Developing Oozie Workflows in Hadoop

By Dirk deRoos

Oozie workflows are, at their core, directed graphs, where you can define actions (Hadoop applications) and data flow, but with no looping — meaning you can’t define a structure where you’d run a specific operation over and over until some condition is met (a for loop, for example).

Oozie workflows are quite flexible in that you can define condition-based decisions and forked paths for parallel execution. You can also execute a wide range of actions.

image0.jpg

In this figure, you see a workflow showing the basic capabilities of Oozie workflows. First, a Pig script is run, and is immediately followed by a decision tree. Depending on the state of the output, the control flow can either go directly to an HDFS (Hadoop Distributed File System) file operation (for example, a copyToLocal operation) or to a fork action.

If the control flow passes to the fork action, two jobs are run concurrently: a MapReduce job, and a Hive query. The control flow then goes to the HDFS operation once both the MapReduce job and Hive query are finished running. After the HDFS operation, the workflow is complete.

Oozie workflow definitions are written in XML, based on the Hadoop Process Definition Language (hPDL) schema. This particular schema is, in turn, based on the XML Process Definition Language (XPDL) schema, which is a product-independent standard for modeling business process definitions.
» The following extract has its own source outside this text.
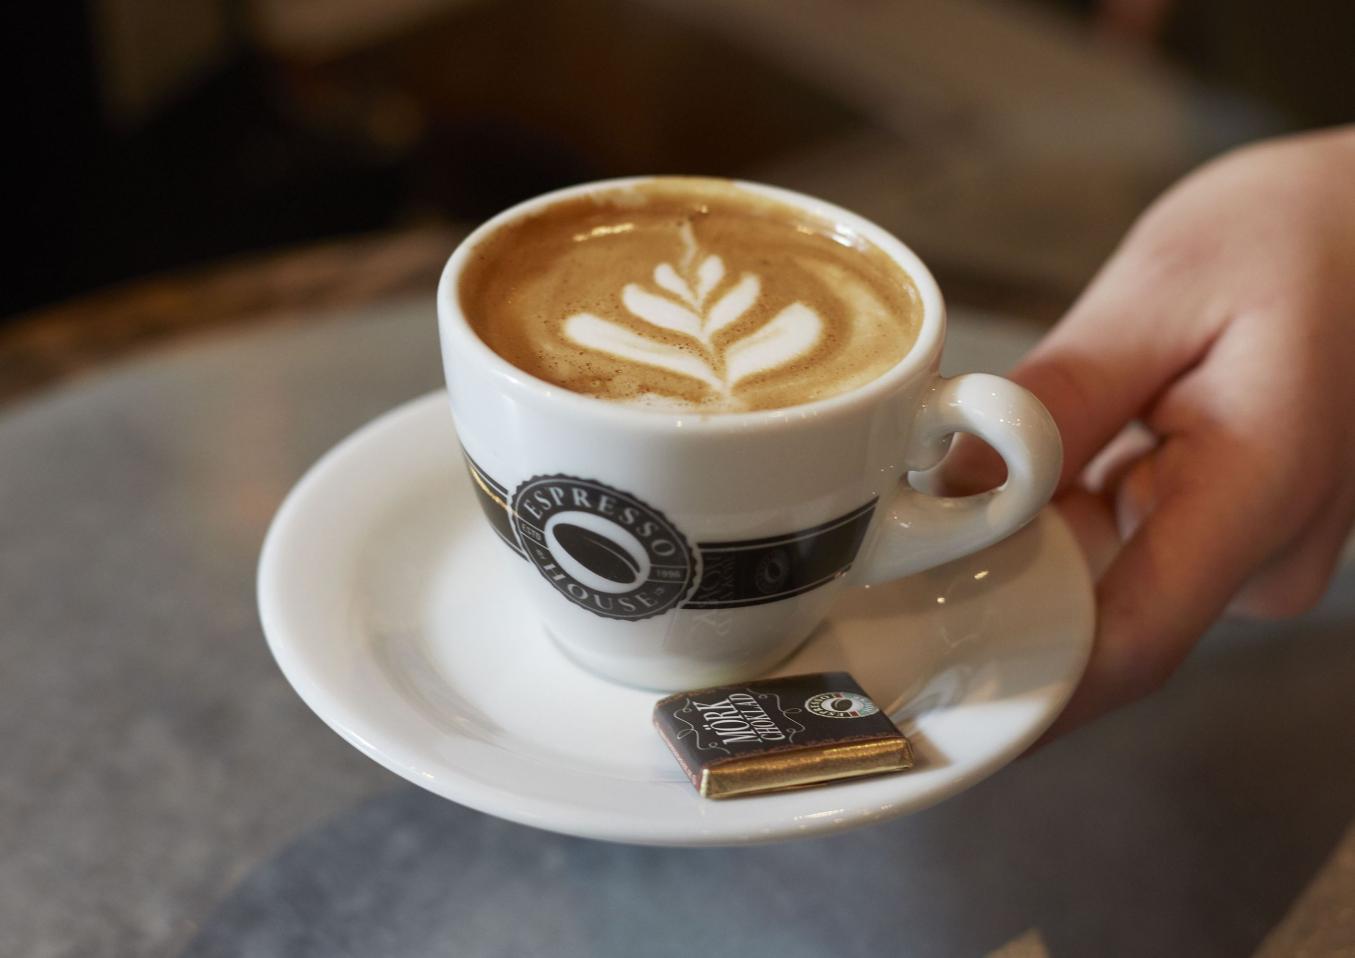 Kuvassa naisen kädessä maitokahviannos valkoisessa kupissa, jonka reunassa Espresso Housen logo. Asetilla ruskeassa kääreessä suklaapala. Kuva lainattu netistä.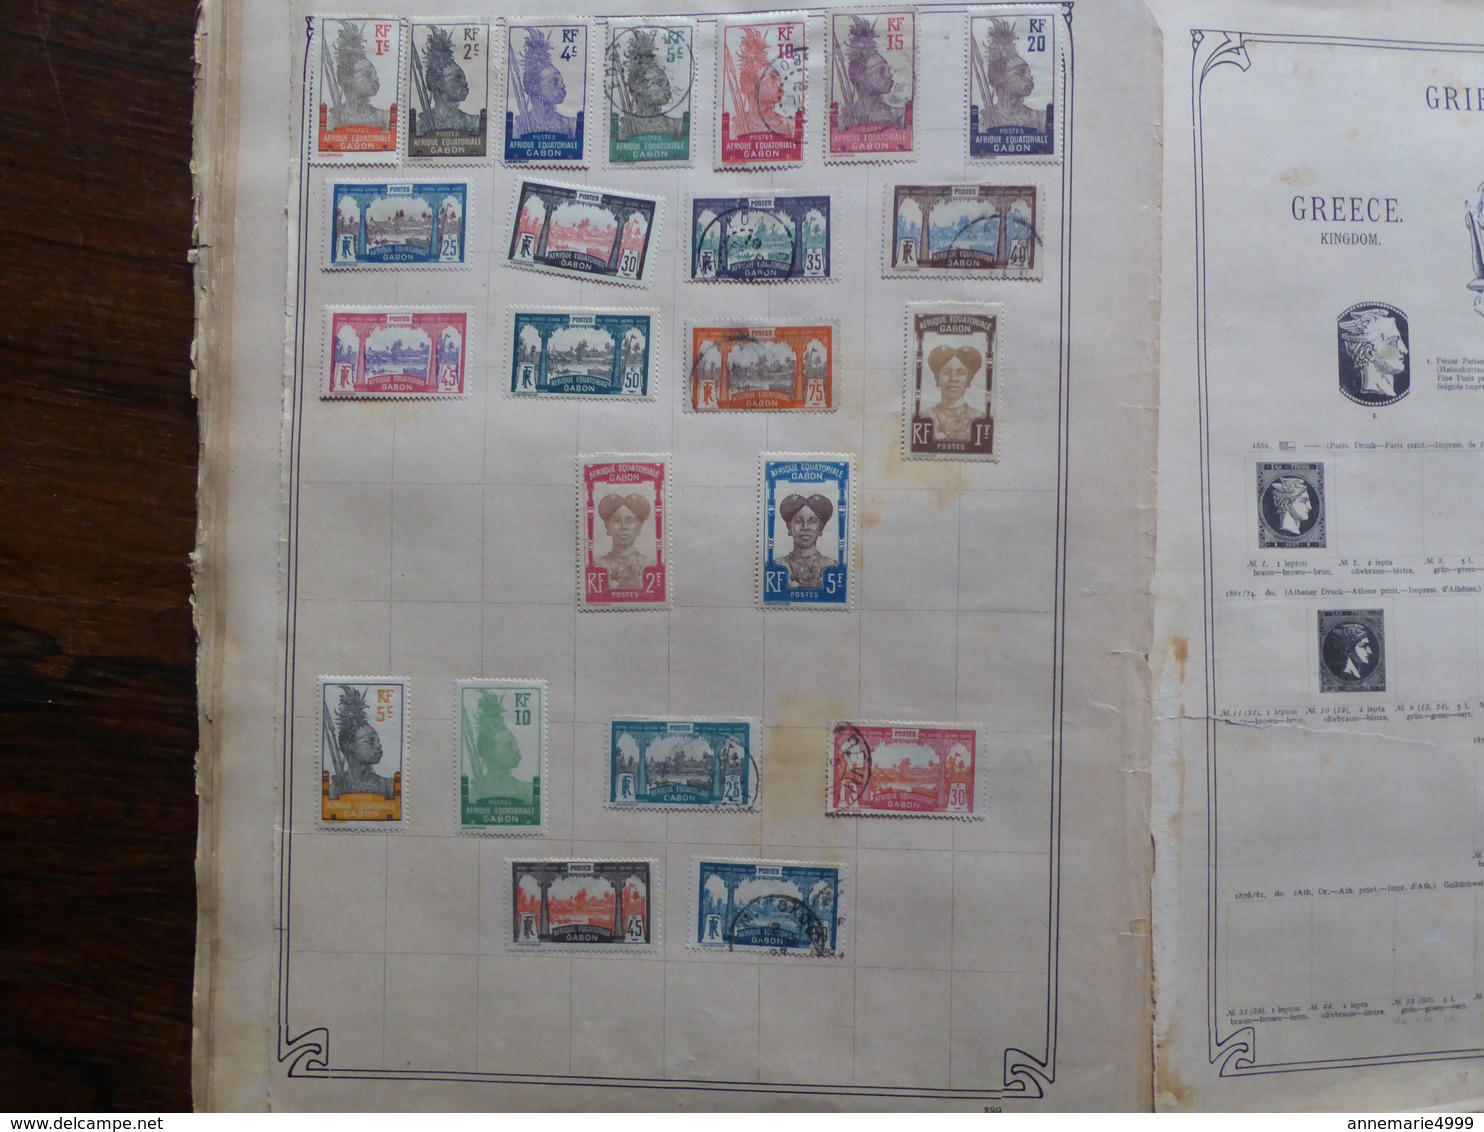 Vieil album collection Monde plusieurs milliers de timbres Voir tous les scans

An Oozie workflow is composed of a series of actions, which are encoded by XML nodes. There are different kinds of nodes, representing different kinds of actions or control flow directives. Each Oozie workflow has its own XML file, where every node and its interconnections are defined.

Workflow nodes all require unique identifiers because they’re used to identify the next node to be processed in the workflow. This means that the order in which the actions are executed depends on where an action’s node appears in the workflow XML. To see how this concept would look, check out the following listing, which shows an example of the basic structure of an Oozie workflow’s XML file.

<workflow-app name="SampleWorkflow" xmlns="uri:oozie:workflow:0.1">
  <start to="firstJob"/>
  <action name="firstJob">
    <pig>...</pig>
    <ok to="secondJob"/>
    <error to="kill"/>
  </action>
  <action name="secondJob">
    <map-reduce>...</map-reduce>
    <ok to="end" />
    <error to="kill" />
  </action>
  <end name="end"/>
  <kill name="kill">
    <message>"Killed job."</message>
  </kill>
</workflow-app>

In this example, aside from the start, end, and kill nodes, you have two action nodes. Each action node represents an application or a command being executed.